Other functions to compute robust estimates with CV:
change_cv_measure(),
regmest_cv()
Other functions to compute robust estimates with CV:
change_cv_measure(),
regmest_cv()
Examples
# Compute the adaptive PENSE regularization path for Freeny's
# revenue data (see ?freeny)
data(freeny)
x <- as.matrix(freeny[ , 2:5])
## Either use the convenience function directly ...
set.seed(123)
ada_convenience <- adapense_cv(x, freeny$y, alpha = 0.5,
cv_repl = 2, cv_k = 4)
## ... or compute the steps manually:
# Step 1: Compute preliminary estimates with CV
set.seed(123)
preliminary_estimate <- pense_cv(x, freeny$y, alpha = 0,
cv_repl = 2, cv_k = 4)
plot(preliminary_estimate, se_mult = 1)
# Step 2: Use the coefficients with best prediction performance
# to define the penalty loadings:
prelim_coefs <- coef(preliminary_estimate, lambda = 'min')
pen_loadings <- 1 / abs(prelim_coefs[-1])
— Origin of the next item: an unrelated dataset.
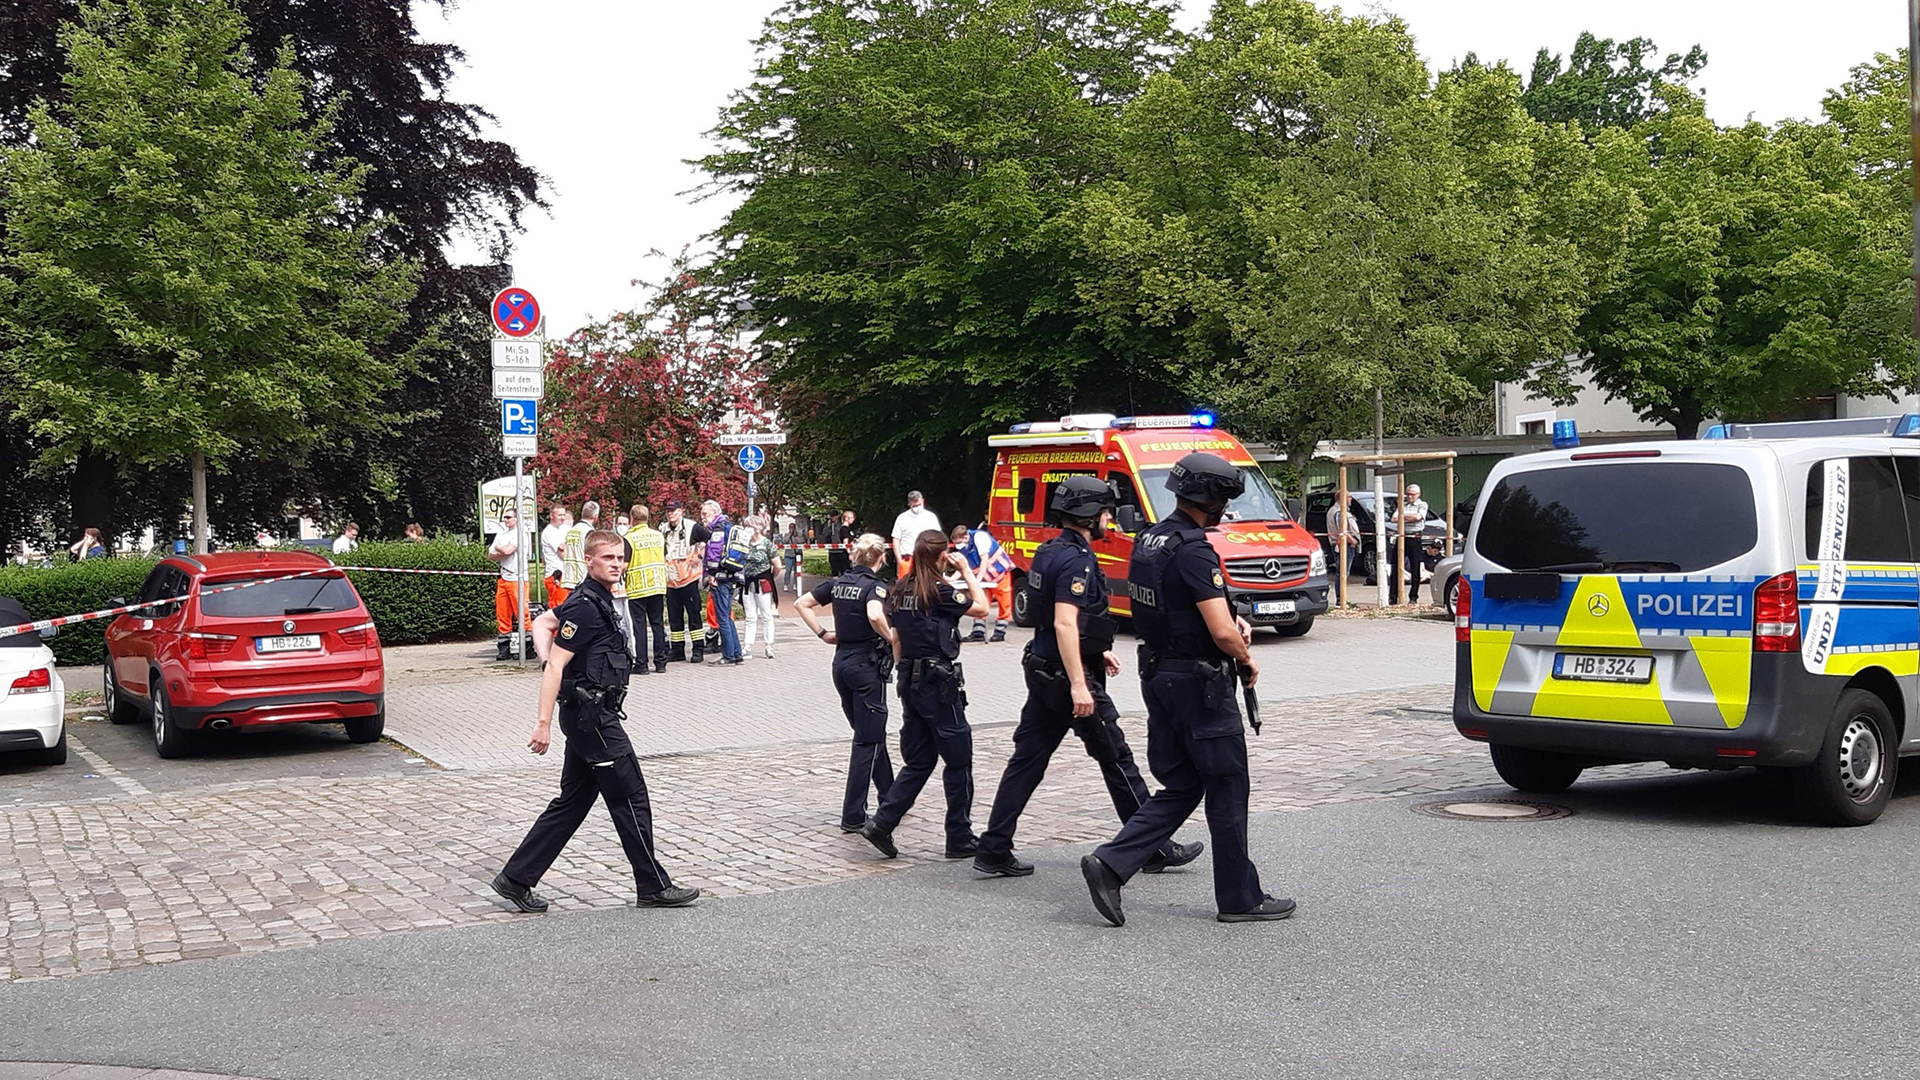 Polizei- und Rettungseinsatz vor einer Schule in Bremerhaven. | Radio Bremen

# Step 3: Compute the adaptive PENSE estimates and estimate
# their prediction performance.
set.seed(123)
ada_manual <- pense_cv(x, freeny$y, alpha = 0.5,
cv_repl = 2, cv_k = 4,
penalty_loadings = pen_loadings)
# Visualize the prediction performance and coefficient path of
# the adaptive PENSE estimates (manual vs. automatic)
def.par <- par(no.readonly = TRUE)
layout(matrix(1:4, ncol = 2, byrow = TRUE))
plot(ada_convenience$preliminary)
plot(preliminary_estimate)
plot(ada_convenience)
plot(ada_manual)
par(def.par)